4.2.5. Approximate Matching Tool’s Precision

The search precision is more tied to the tool than the strategy itself. In some cases, the strategy only reduces the number of comparisons the examiner should do. While some approaches are based on tools like sdhash, which have interesting characteristics and can detect resemblance and containments for a variety of object sizes without compromising the results, others rely on limited tools. An example is the classic ssdeep, limited to only comparing objects of similar sizes and not suitable for dealing with large objects. This is corroborated by Roussev [10] and Breitinger et al. [38], showing that sdhash outperforms ssdeep in accuracy and scalability. Furthermore, Breitinger and Roussev [39] presented an evaluation of ssdeep, mrsh-v2, and sdhash using real data (extracted from the t5 corpus database [10]). They have analyzed the precision and recall rates of these tools and pointed out that sdhash had the best overall performance. The authors also stated that even though the precision rates of ssdeep and sdhash are high, the recall of all tools was relatively low.

With respect to Nilsimsa tool, Oliver et al. [25] state that even though this technique has powerful capabilities for resemblance detection, it suffers from significantly higher false positive rates than TLSH. Harichandran et al. [11] mention that TLSH is less powerful than sdhash for cross correlation.

Considering the tools’ precision aspect, the strategies using sdhash are a better choice than the ones using ssdeep, Nilsimsa, or TLSH since the final result will be more accurate and scalable. Besides, it can detect both detection modes efficiently.

5. Discussion

All similarity digest search strategies presented in this work either show a high cost associated with memory requirements, have an approximate matching function not as suitable as the best ones available nowadays, or have high costs related to the lookup procedure. In the first case, we have the Bloom filter-based tree strategy which incorporates sdhash as similarity function, with good results from detection rates in both resemblance and containment. However, the tree structure is too memory-consuming and becomes infeasible to work with for large data sets.
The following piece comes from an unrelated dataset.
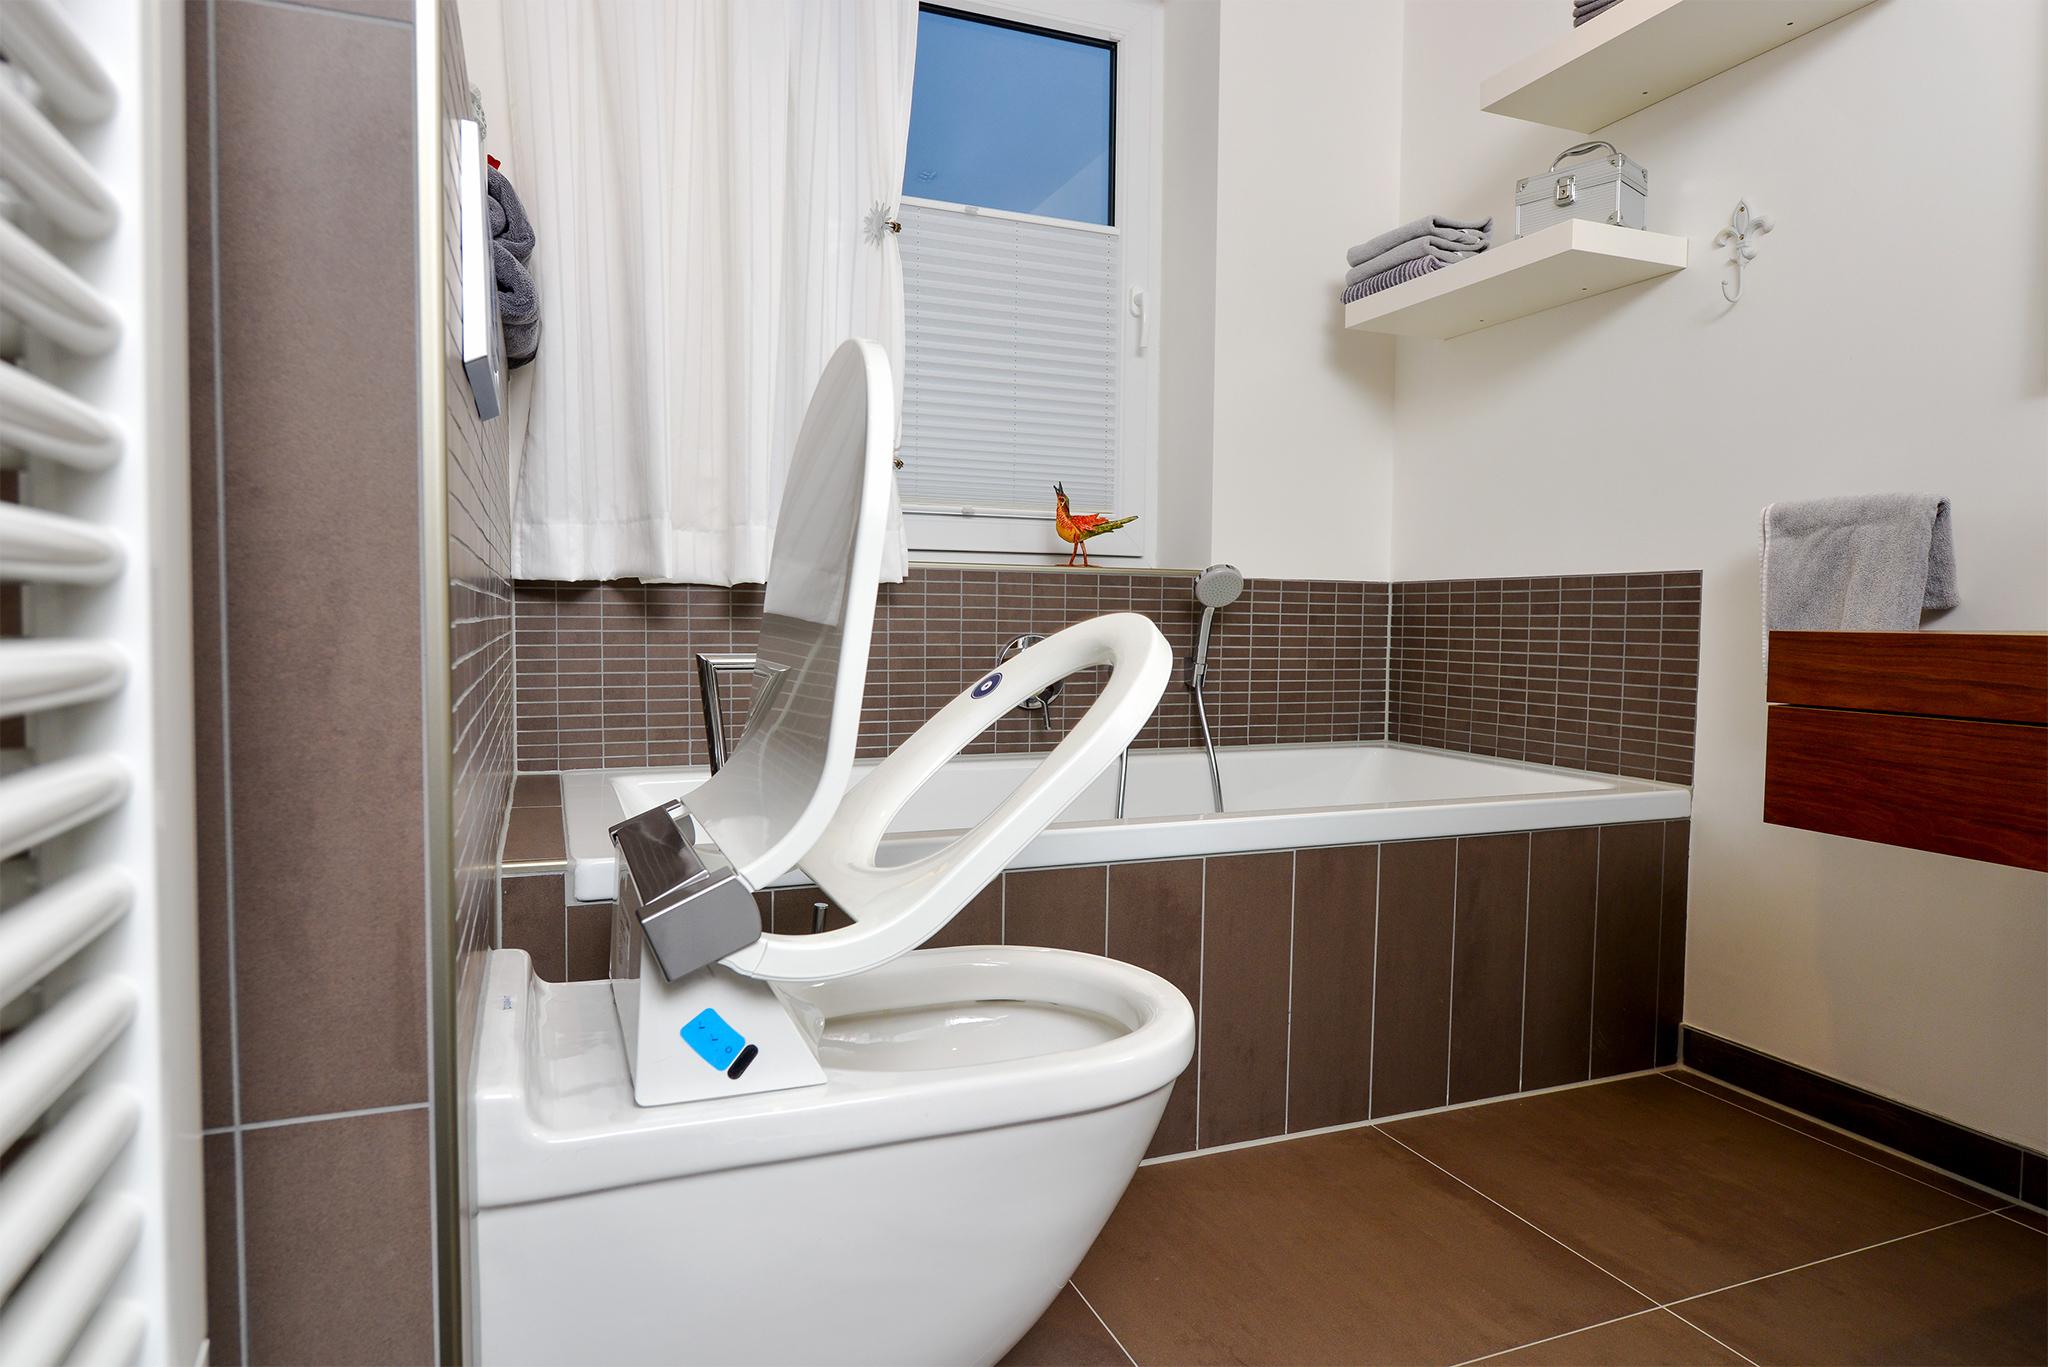 Besonders sanfte Hygiene dank Dusch-WC #badewanne #badezimmer #grauefliesen ©HEIMWOHL GmbH

On the other hand, F2S2 presents better scalability regarding memory consumption, but it uses ssdeep as similarity function, which has several limitations that can compromise and/or restrict an analysis.

Other strategies that use a good similarity tool (sdhash), as MRSH-NET and MRSH-CF, for instance, with low lookup complexity and less memory consumption compared to the BF-based tree approach, are restricted to membership queries, which limits their application. The two P2P strategies (DHTnil and iCPTH) require the smallest memory in average, but they use weak approximate matching tools (Nilsimsa and ssdeep), require several machines working together, and may suffer from network communication delays. The fewer the machines are used, the more the P2P strategies become similar to brute force. The more the machines, the higher the costs and delays.

The brute force methods are very time-consuming, independent of the chosen similarity tool due to the high number of comparisons when comparing large data sets. Any other strategies can perform better than this naive approach. They are not suitable candidates for conducting investigations since the amount of data for each case has been increasing very fast [1]. Besides, they are strongly dependent on the tool in terms of precision, time, and memory requirement.

Our findings show that none of the similarity digest search strategies presented so far address at least the most desirable aspects: low memory requirement, high detection capabilities (for both resemblance and containment), and efficient lookup procedure. New strategies are required to address the overwhelming amount of data forensics examiners have to deal with. For this reason, in Section 7 we present some requirements for a new similarity digest search strategy, aiming to fulfill the most desirable points discussed so far and also other complementary characteristics.

6. Conclusion

This paper presented the state of the art of similarity digest search strategies aiming at reducing the time taken in forensics investigations. By using white/black lists, examiners can lessen the amount of time it takes in the search for evidence and/or reduce the volume of data analyzed. We detailed the working process of each strategy and performed a comparison of them regarding their characteristics to point out strengths and weakness. Among all aspects evaluated, we highlight the three most important ones: time complexity, memory requirement, and search precision. Our analysis showed that even though some strategies outperform others in some aspects, they fail in others. There is no currently suitable approach combining at least the most relevant requirements, exposing an opportunity on the field.

7. Future Directions

Future work on KFF techniques can be divided into two categories: approximate matching tools and similarity digest search strategies.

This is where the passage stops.